Dataset content:
[Start of section]
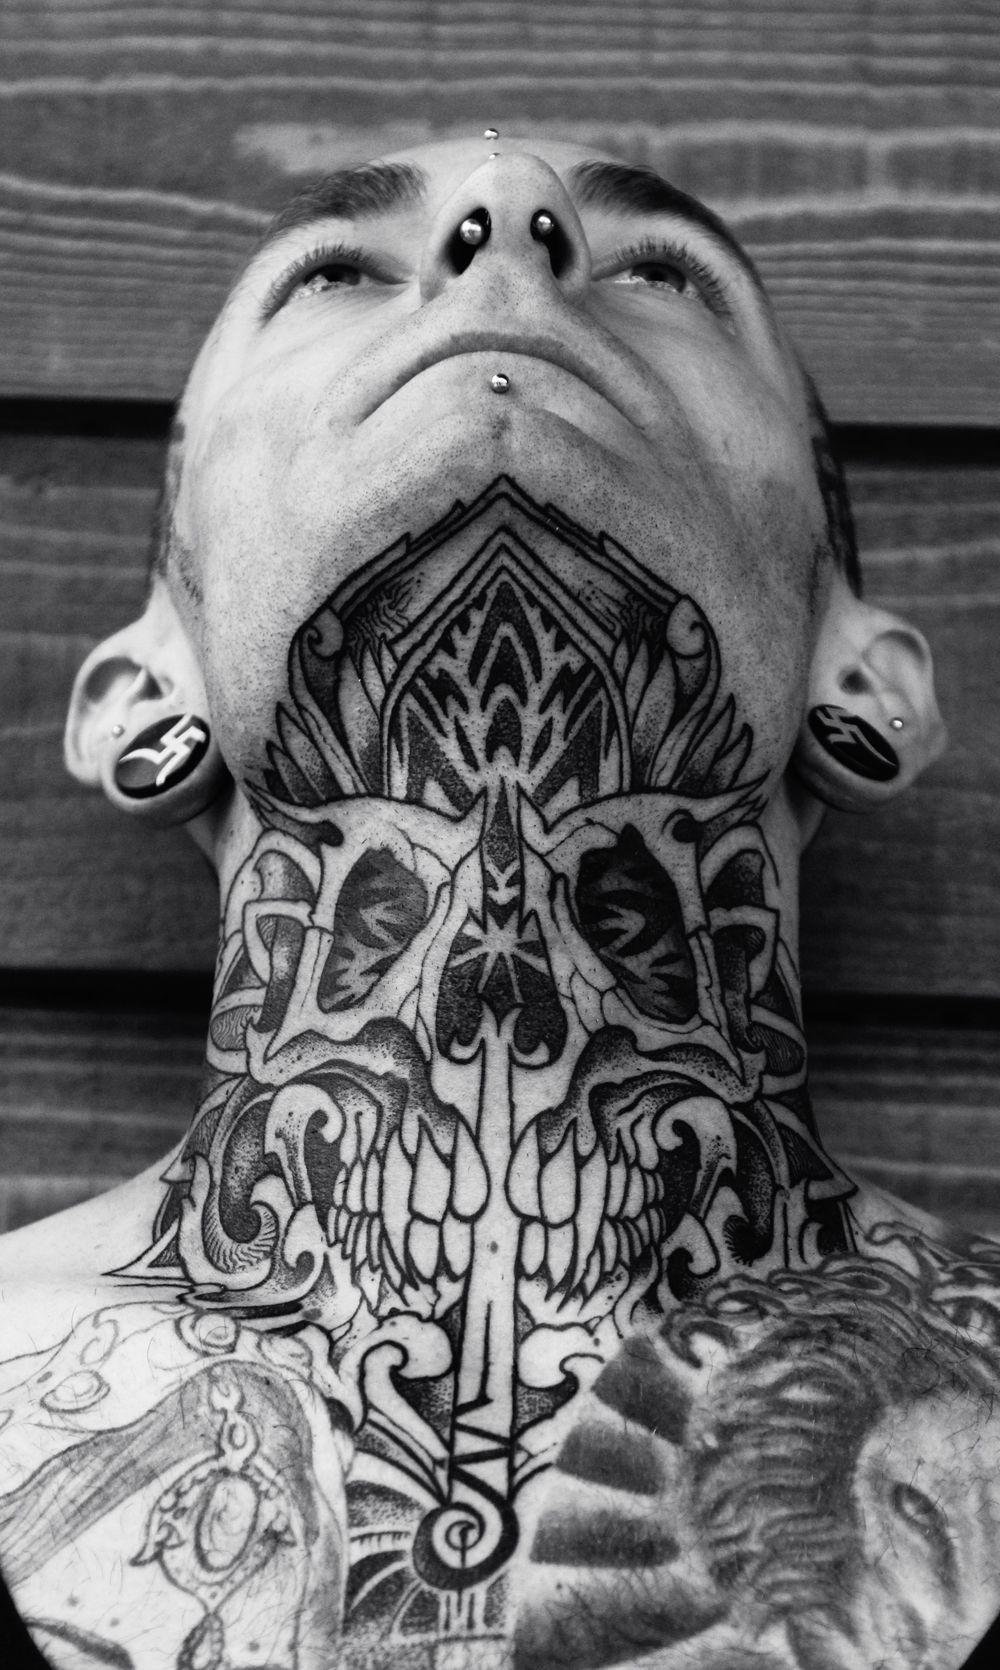 Skull Mandala neck piece Neck tattoo for guys, Tribal
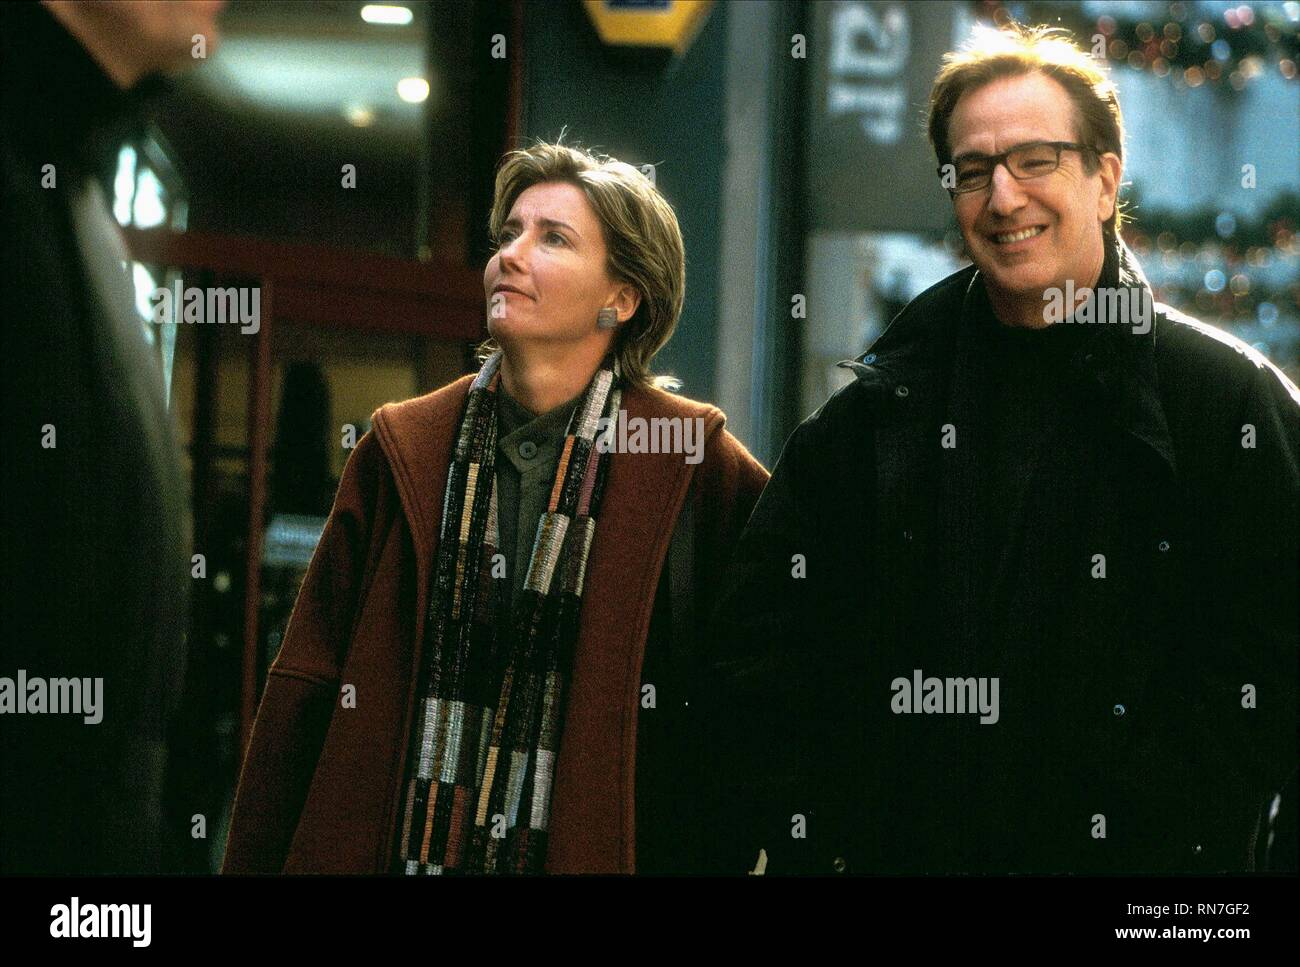 THOMPSON,RICKMAN, LOVE ACTUALLY, 2003 - Stock Image
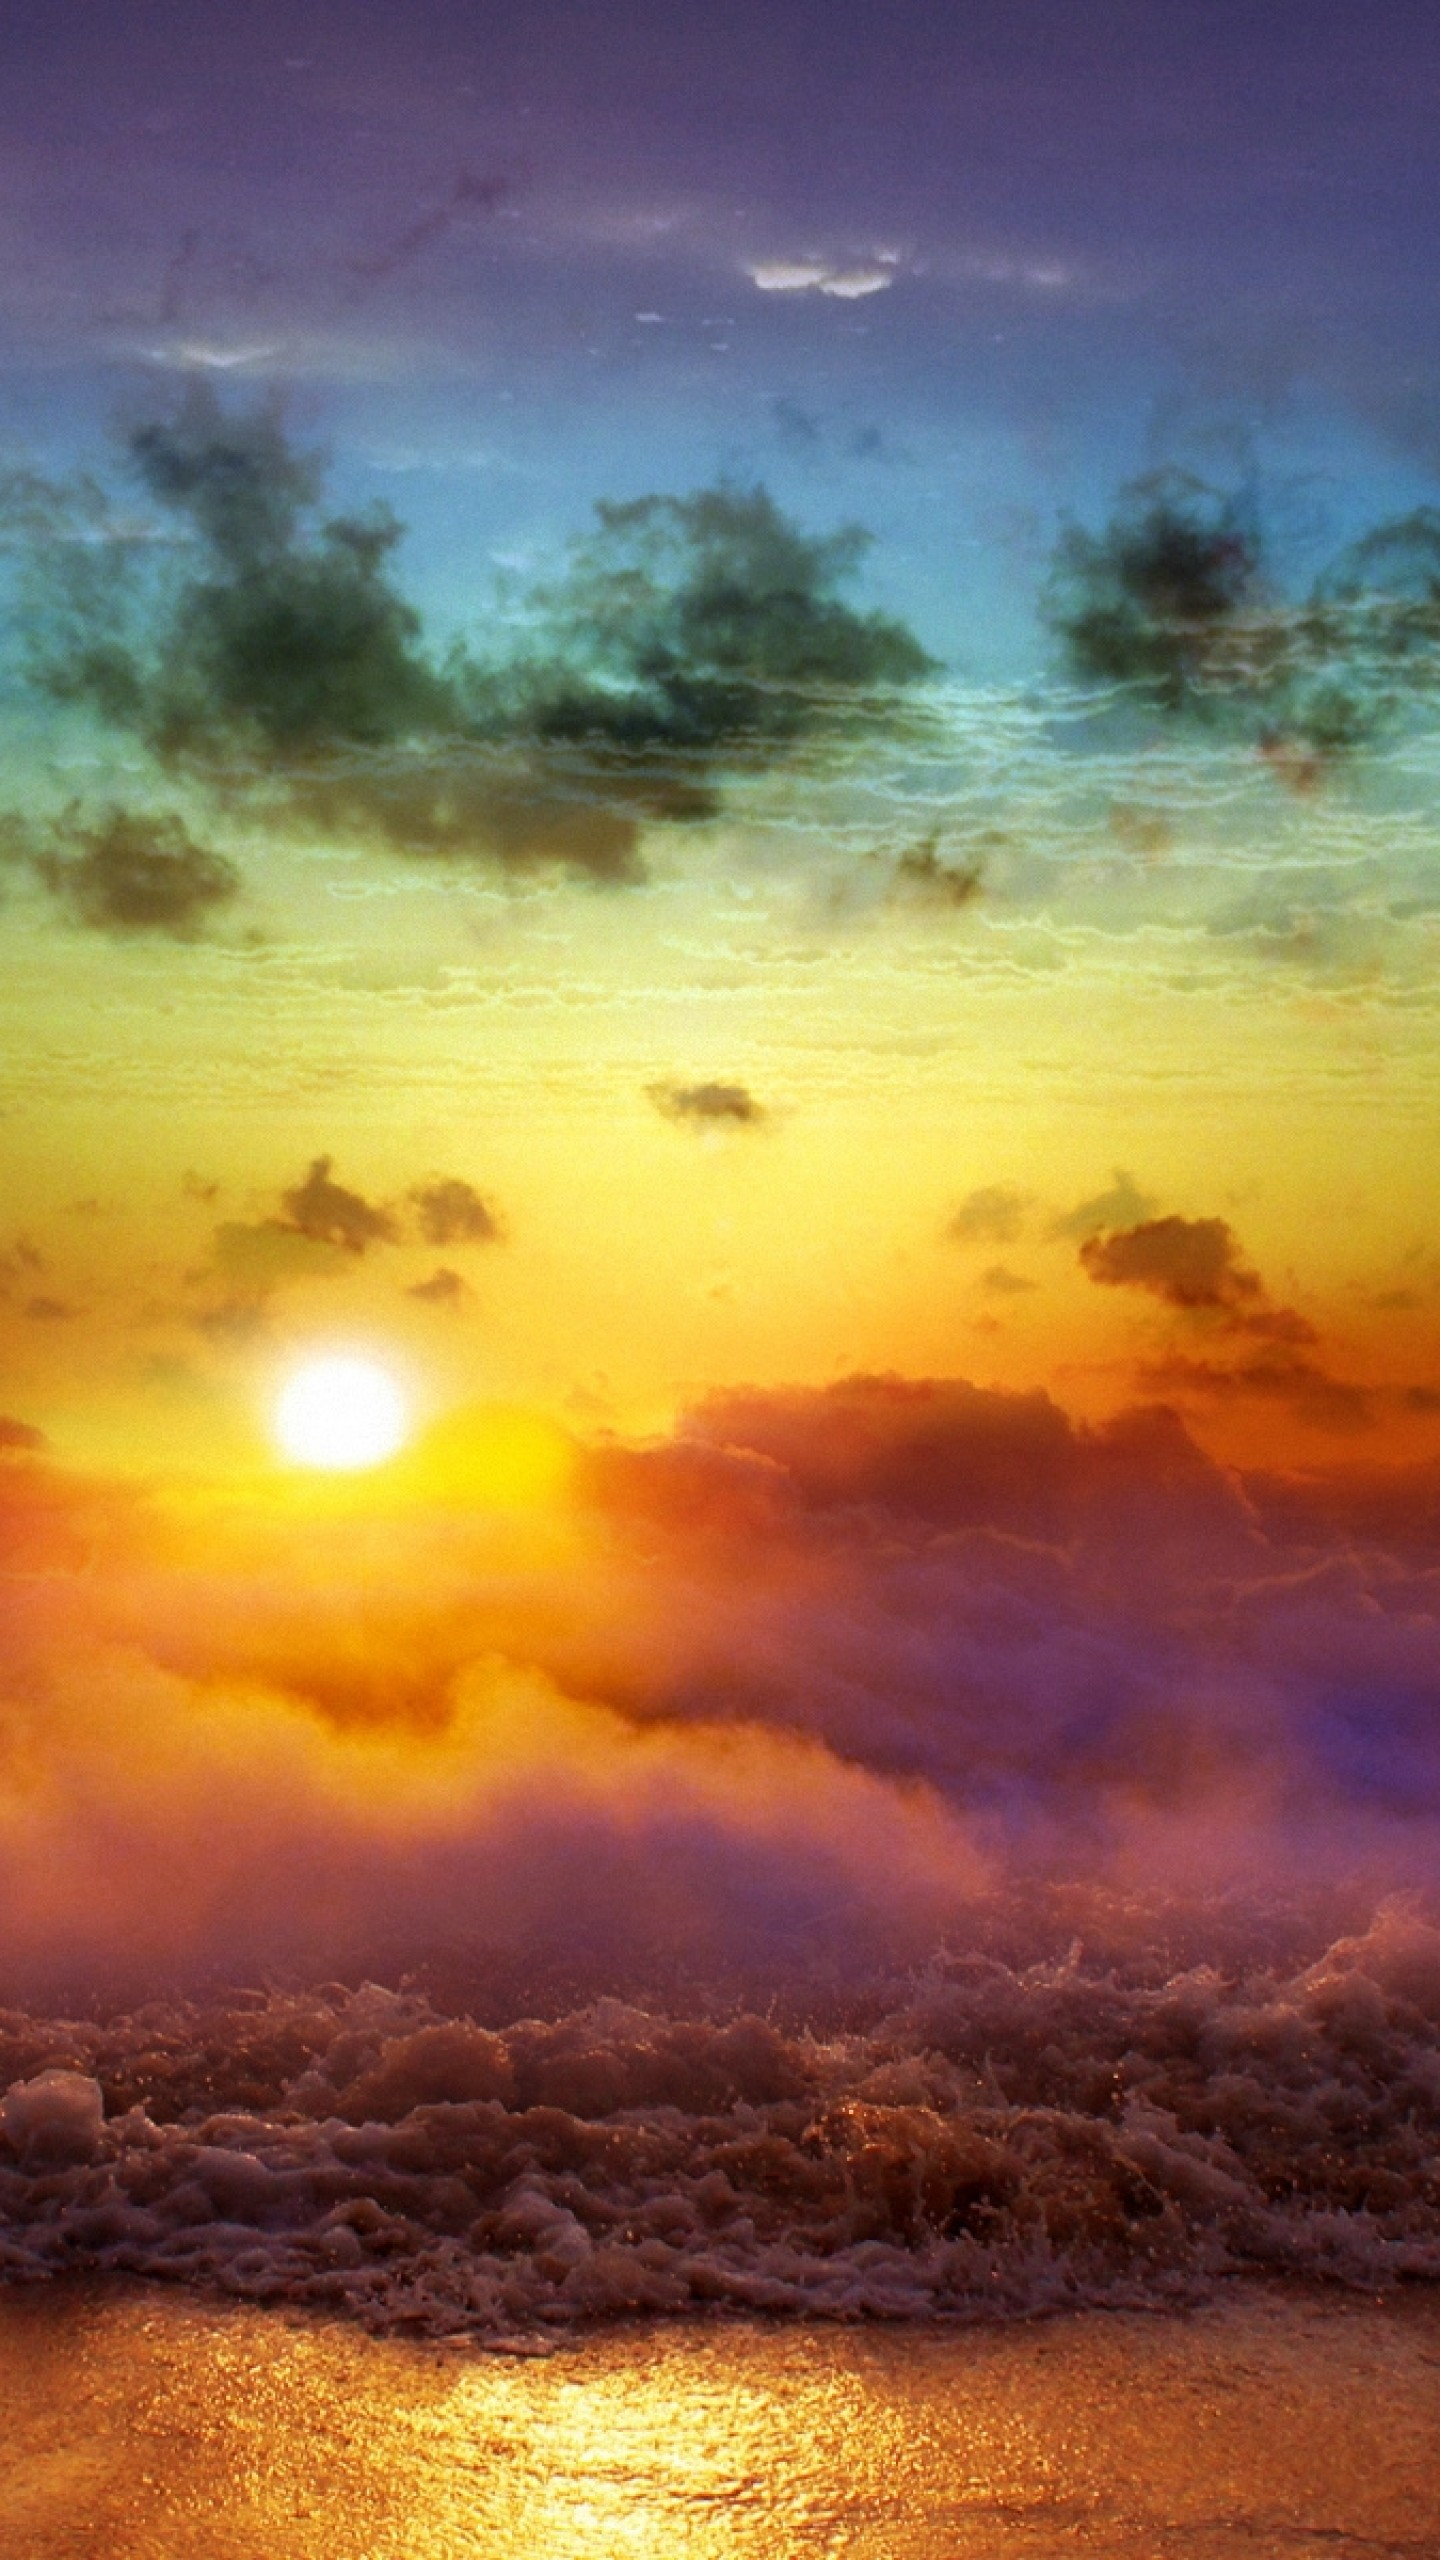 Preview wallpaper moon, sun, decline, evening, merge, day, night,
[End of section]
Assignment: Please repeat the data above exactly as it appears, pictures excluded.

Written solution:
 Skull Mandala neck piece Neck tattoo for guys, Tribal
 THOMPSON,RICKMAN, LOVE ACTUALLY, 2003 - Stock Image
 Preview wallpaper moon, sun, decline, evening, merge, day, night,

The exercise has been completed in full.